The Indian-born British-American novelist Salman Rushdie was born in Bombay (now Mumbai) on 19 June 1947, just months before India became independent from Britain. Rushdie’s family, Kashmiri Muslims, moved to Pakistan when he was seventeen. By this time, Rushdie was living in England. He attended Cambridge University, where he studied history. 

Magical Histories

Rushdie became famous after his second novel Midnight’s Children was published. The novel is about magical children born at midnight on the night India became independent. The bestseller, which combined fantasy and reality, won the Booker Prize in 1981. Rushdie’s subsequent book Shame was another acclaimed attempt to make sense of recent Indian and Pakistani history.

Deeply Offensive

A later novel, The Satanic Verses, published in 1988, also initially received praise, although prominent members of the Islamic community were already giving warning signs that its content would cause trouble.
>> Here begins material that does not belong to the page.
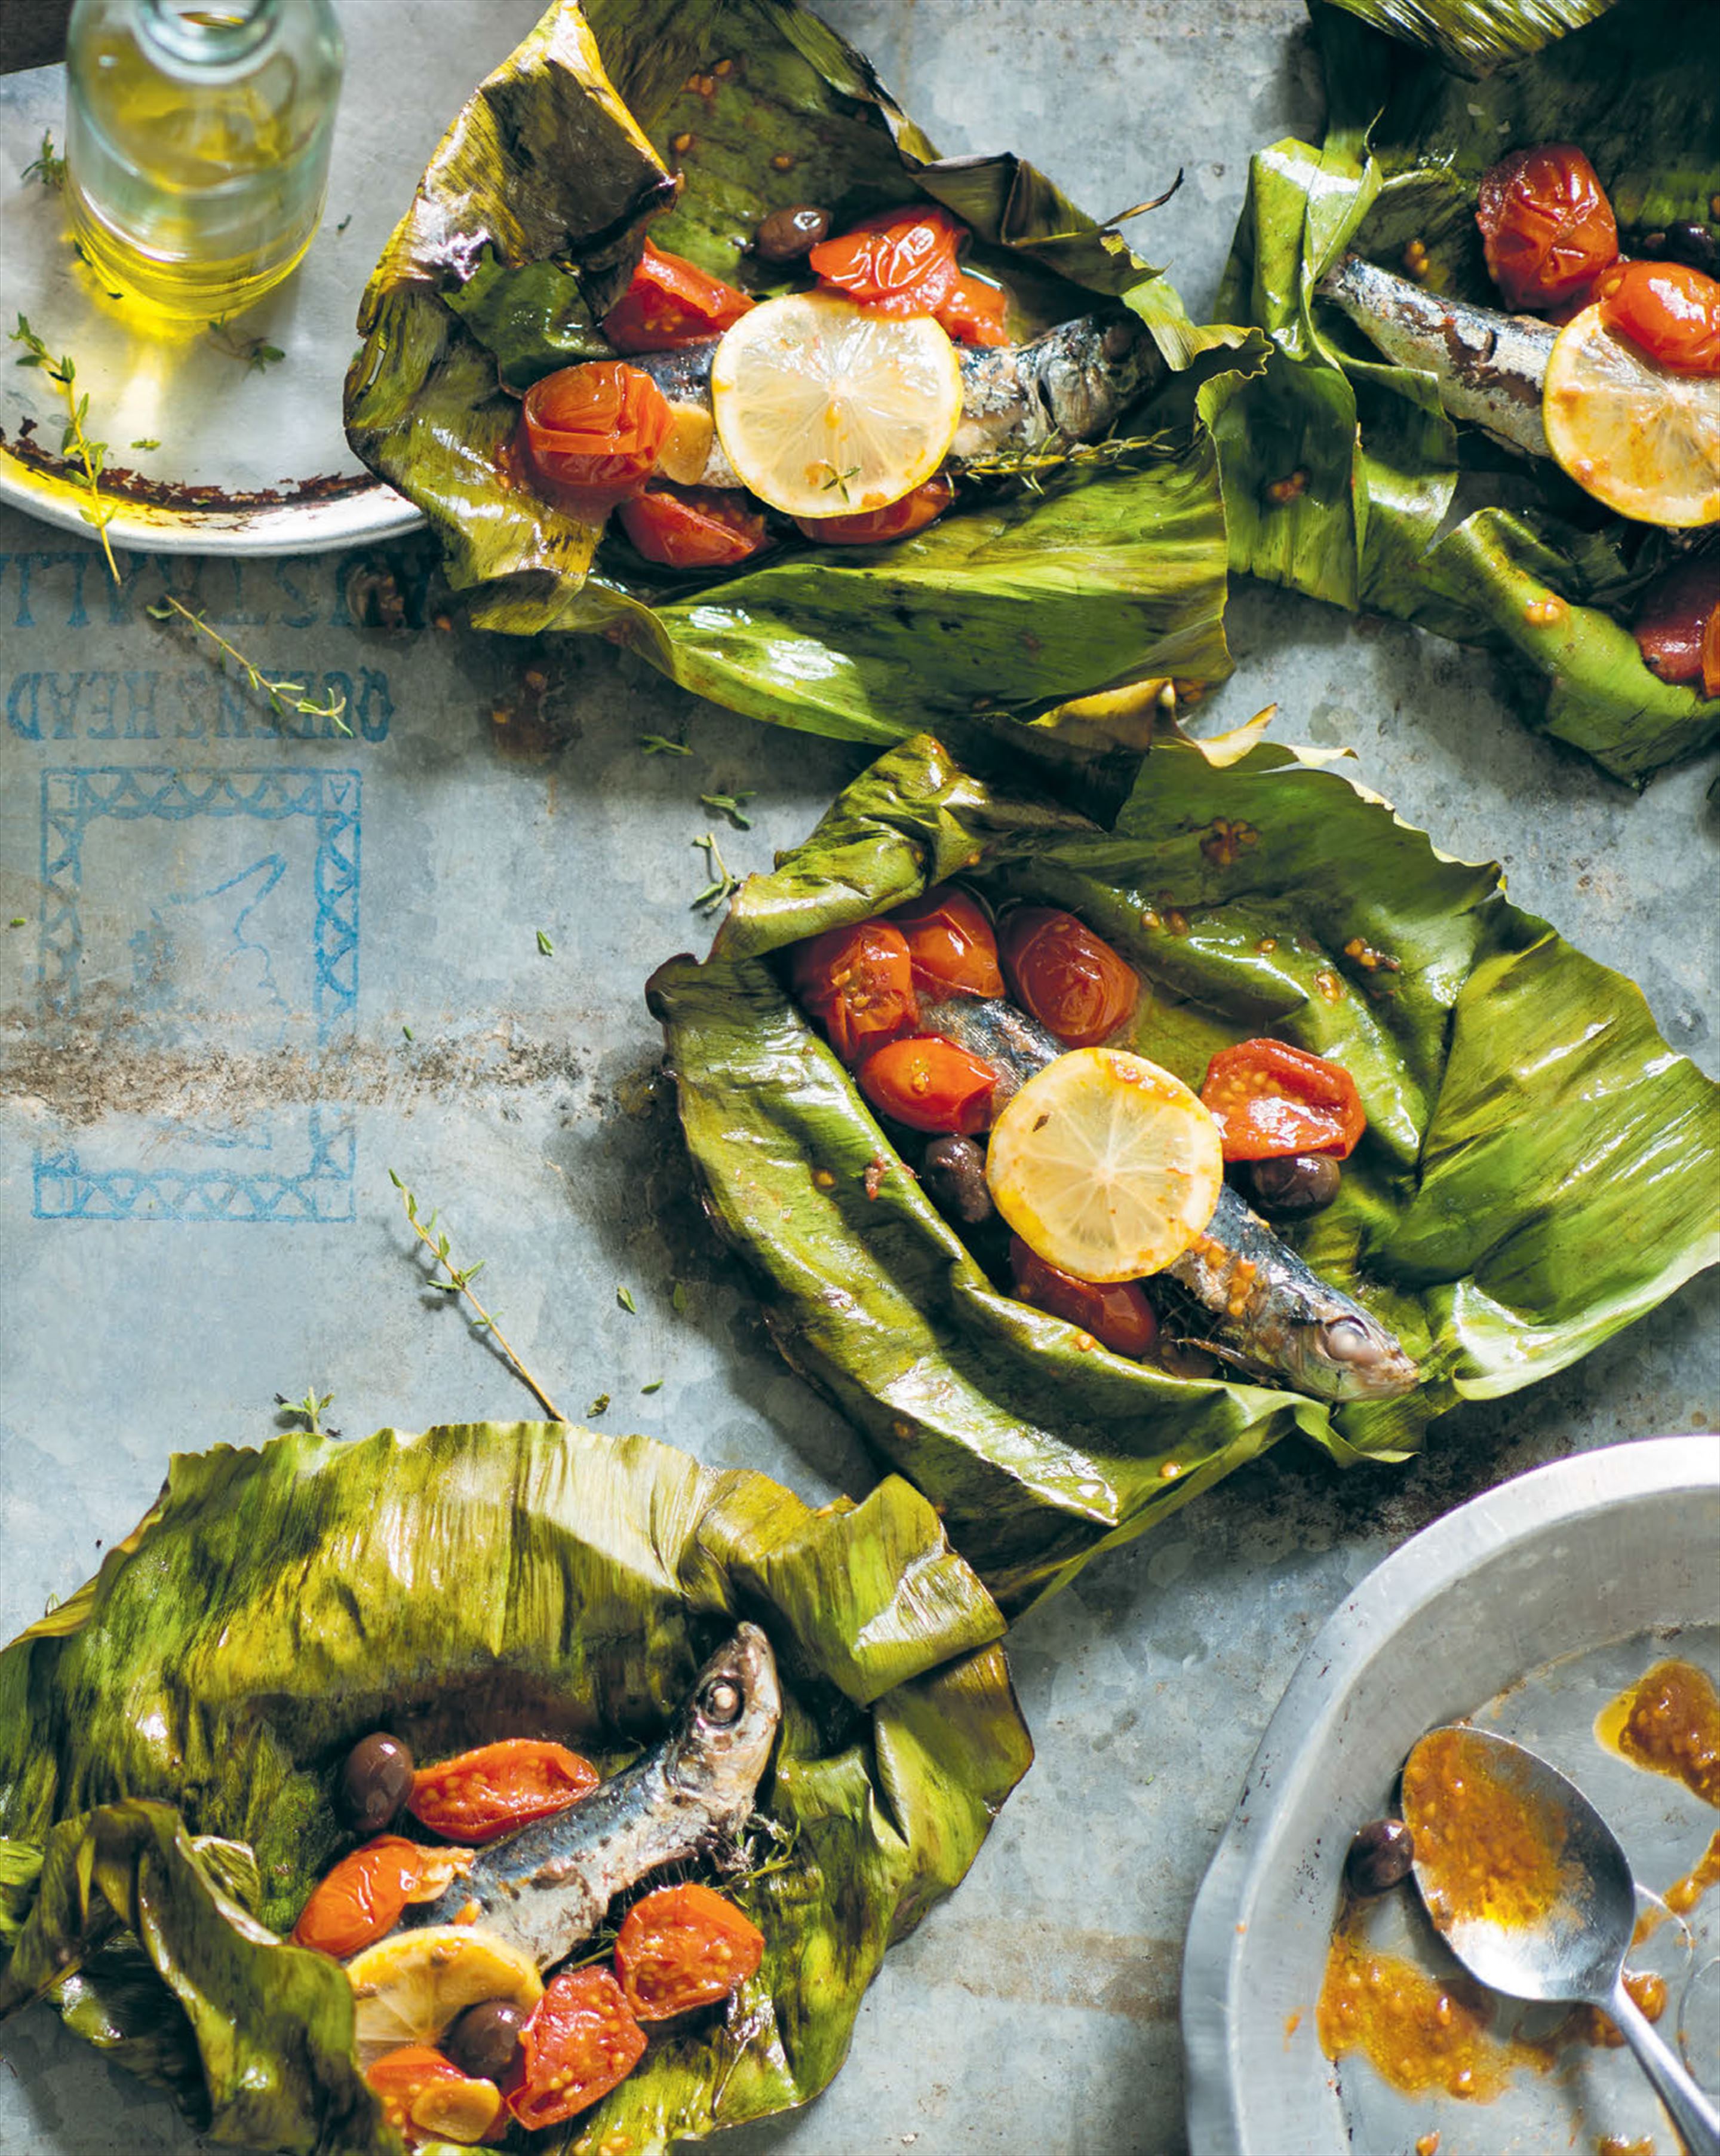 Sardines roasted in banana leaves with olives & cherry tomatoes

The novel contains a plot partly inspired by the life of Muhammad the founder of Islam, and while fictitious, it makes suggestions offensive to many Muslims. The situation escalated, and in 1989 Ayatollah Ruhollah Khomeini, the supreme leader of Iran, issued a fatwa — a formal ruling under Islamic law — demanding that Rushdie and others connected with the book be killed. 

Satanic Verses

Extreme Violence 

Extremist bombings, riots and killings followed: a Lebanese man trying to plant a bomb in London was killed when it exploded, and the Japanese translator of The Satanic Verses was stabbed to death at his office at the University of Tsukuba in Japan. Rushdie went into hiding, but remained prolific as a writer, publishing dozens of novels for adults and children as well as essay collections. 

Who is Joseph Anton?

Rushdie was knighted in 2007 and in 2012 he wrote an autobiographical book about his experiences. Its title Joseph Anton: A Memoir refers to the name the author used to conceal his identity while in hiding; Joseph Anton is a composite of two famous authors’ names: Joseph Conrad and Anton Chekhov.

PEN America

In recent decades, things had appeared to have cooled off. In 1998, Iran said that it would no longer demand that the fatwa be carried out, although it did not revoke it, either. Rushdie moved to the US in 2000. He spent time as president of PEN America, a literary organisation dedicated to protecting free expression in the US and worldwide, and taught at Emory University in Atlanta, Georgia. 

A Vicious Attack

However, on 12 August 2022, as Rushdie was about to speak at the non-profit organisation Chautauqua Institution in New York, a twenty-four-year-old New Jersey man called Hadi Matar, the son of Lebanese immigrants, rushed on stage and stabbed the writer multiple times. The attack left Rushdie blind in one eye, affected the use of one of his hands and, according to the author, still gives him “frightening nightmares.”